The MacQIIME package includes many separate software packages developed by many different research groups, all wrapped together by the QIIME scripts. Since you install MacQIIME in just one step, all those separate software packages seem somewhat invisible, and you may not even notice whose software you're really using. Here are some of the software packages you may be using within MacQIIME, and how to cite them, organized into the separate steps in a common sequence analysis pipeline.

This is not a complete list. If you notice an oversight or an important reference missing, please email me and let me know. Thanks!  -Jeff

Citing the overall QIIME package

The overall QIIME software package/pipeline can be cited as follows:

Caporaso JG, Kuczynski J, Stombaugh J, Bittinger K, Bushman FD, Costello EK, Fierer N, Gonzalez Pena A, Goodrich JK, Gordon JI, Huttley GA, Kelley ST, Knights D, Koenig JE, Ley RE, Lozupone CA, McDonald D, Muegge BD, Pirrung M, Reeder J, Sevinsky JR, Turnbaugh PJ, Walters WA, Widmann J, Yatsunenko T, Zaneveld J, Knight R. 2010. QIIME allows analysis of high-throughput community sequencing data. Nature Methods 7(5): 335-336.

Citing the many QIIME pipeline steps

Denoising 454 data

If you use the denoise_wrapper.py script in the recommended default denoising method, you are using Denoiser. Cite this:

Reeder J, Knight R. 2010. Rapidly denoising pyrosequencing amplicon reads by exploiting rank-abundance distributions. Nature Methods 7:668-669.

Alternatively, you might use AmpliconNoise, which is the newest version of PyroNoise. If you used ampliconnoise.py instead of the denoise_wrapper, cite this:

Quince C, Lanzén A, Curtis TP, Davenport RJ, Hall N, Head IM, Read LF, Sloan WT. 2009. Accurate determination of microbial diversity from 454 pyrosequencing data. Nature Methods 6:639-641.

OTU picking

If you pick OTUs using pick_otus.py, there are several options for the method (-m). 

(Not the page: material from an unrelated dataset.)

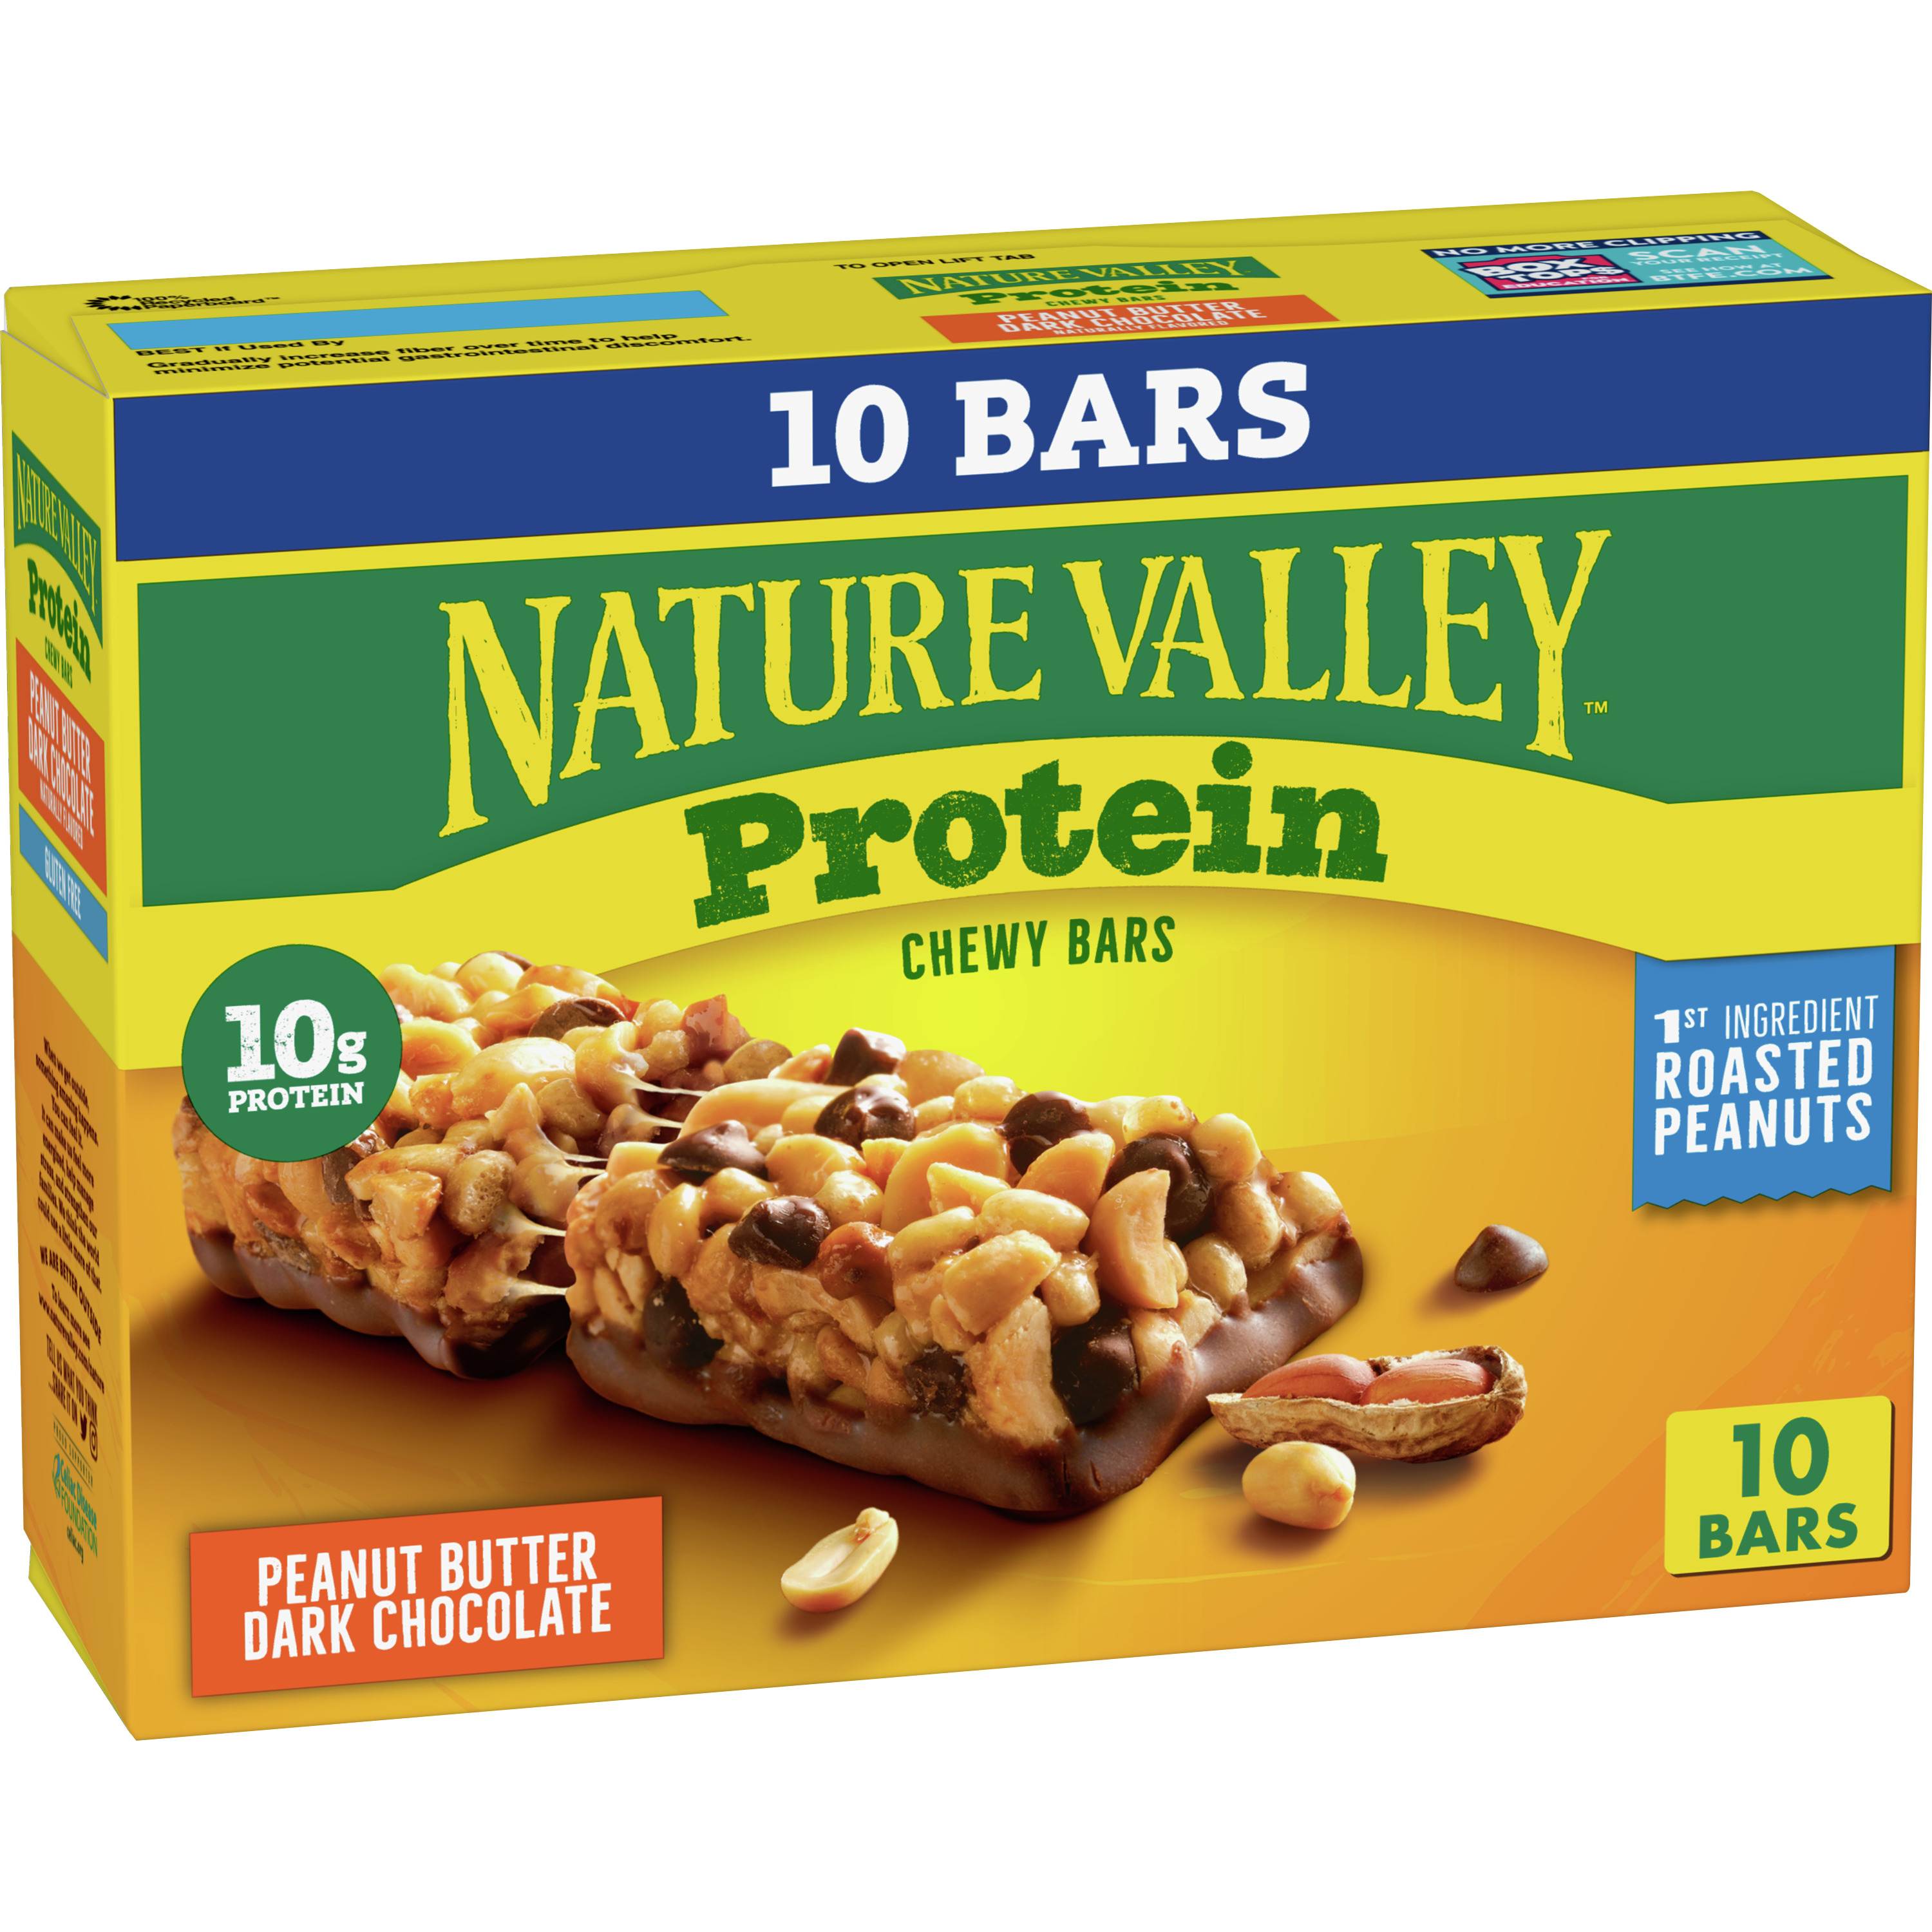 Nature Valley Chewy Protein Granola Bars, Peanut Butter Dark Chocolate, 10 Bars, 14.2 OZ - image 1 of 9

If you use the default method (don't specify, or use -m uclust), then you used uclust. Or, if you used -m usearch61, you used a more recent version of this program called USEARCH. Either way, cite this:

Edgar RC. 2010. Search and clustering orders of magnitude faster than BLAST. Bioinformatics 26(19):2460-2461.

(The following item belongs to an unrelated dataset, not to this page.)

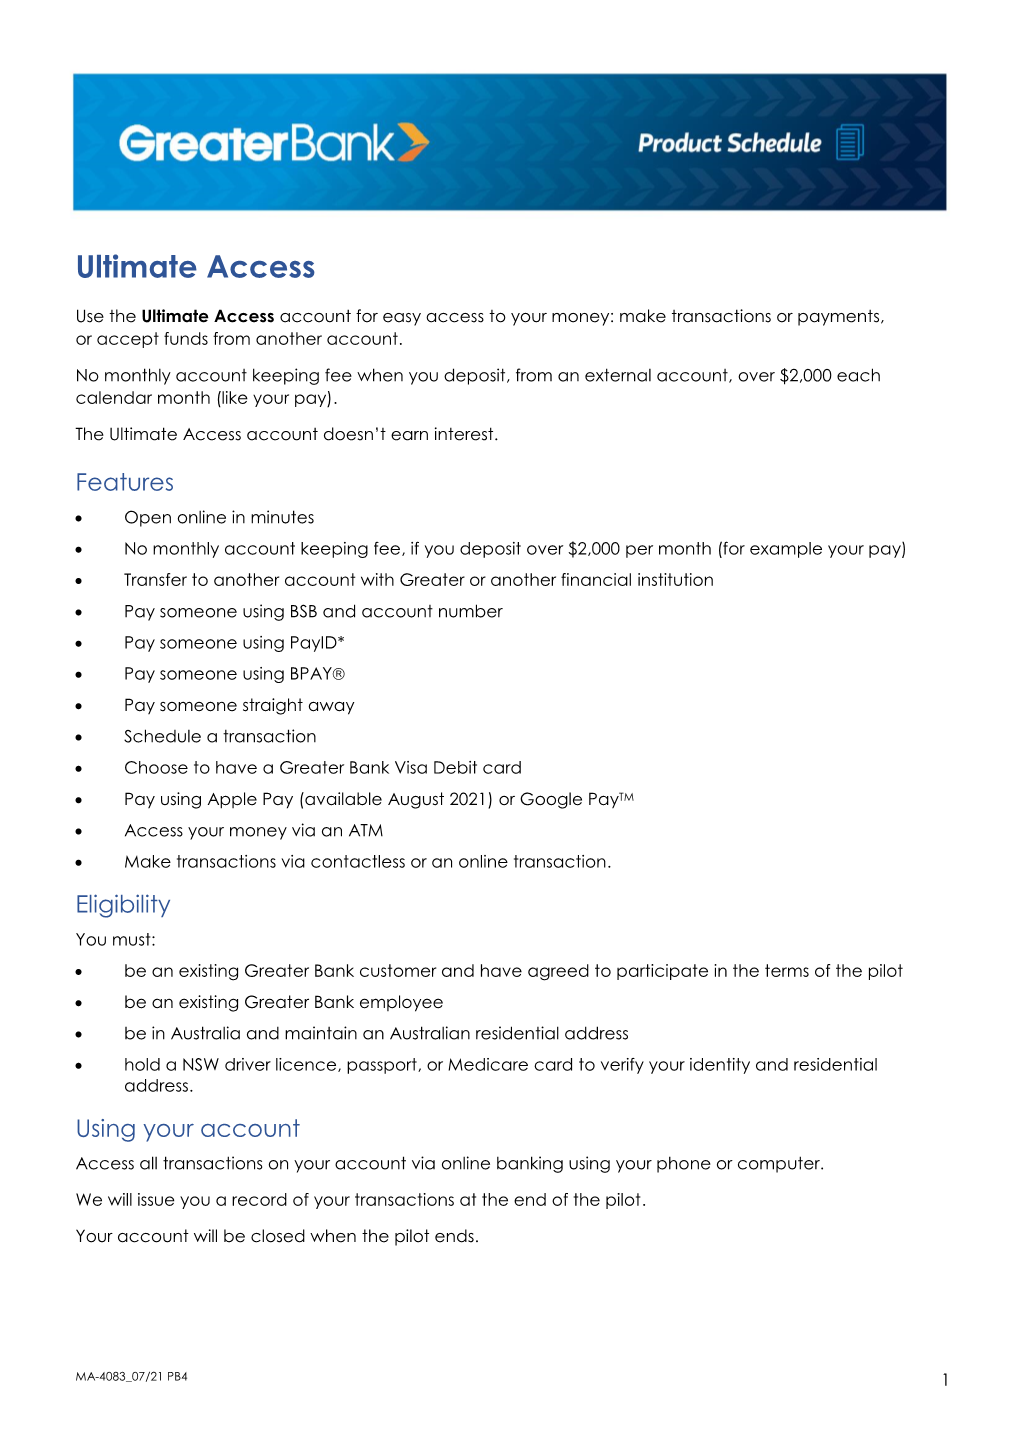 Greater Bank Ultimate Access Product Schedule

If you use -m mothur to pick OTUs from an alignment using furthest neighbor, average neighbor or nearest neighbor, you used mothur 1.25. Cite this:

Schloss PD, Wescott SL, Ryabin T, Hall JR, Hartmann M, Hollister EB, Lesniewski RA, Oakley BB, Parks DH, Robinson CJ, Sahl JW, Stres B, Thallinger GG, Van Horn DJ, Weber CF. 2009. Introducing mothur: Open-source, platform-independent, community-supported software for describing and comparing microbial communities. Appl Environ Microbiol 75(23):7537-7541.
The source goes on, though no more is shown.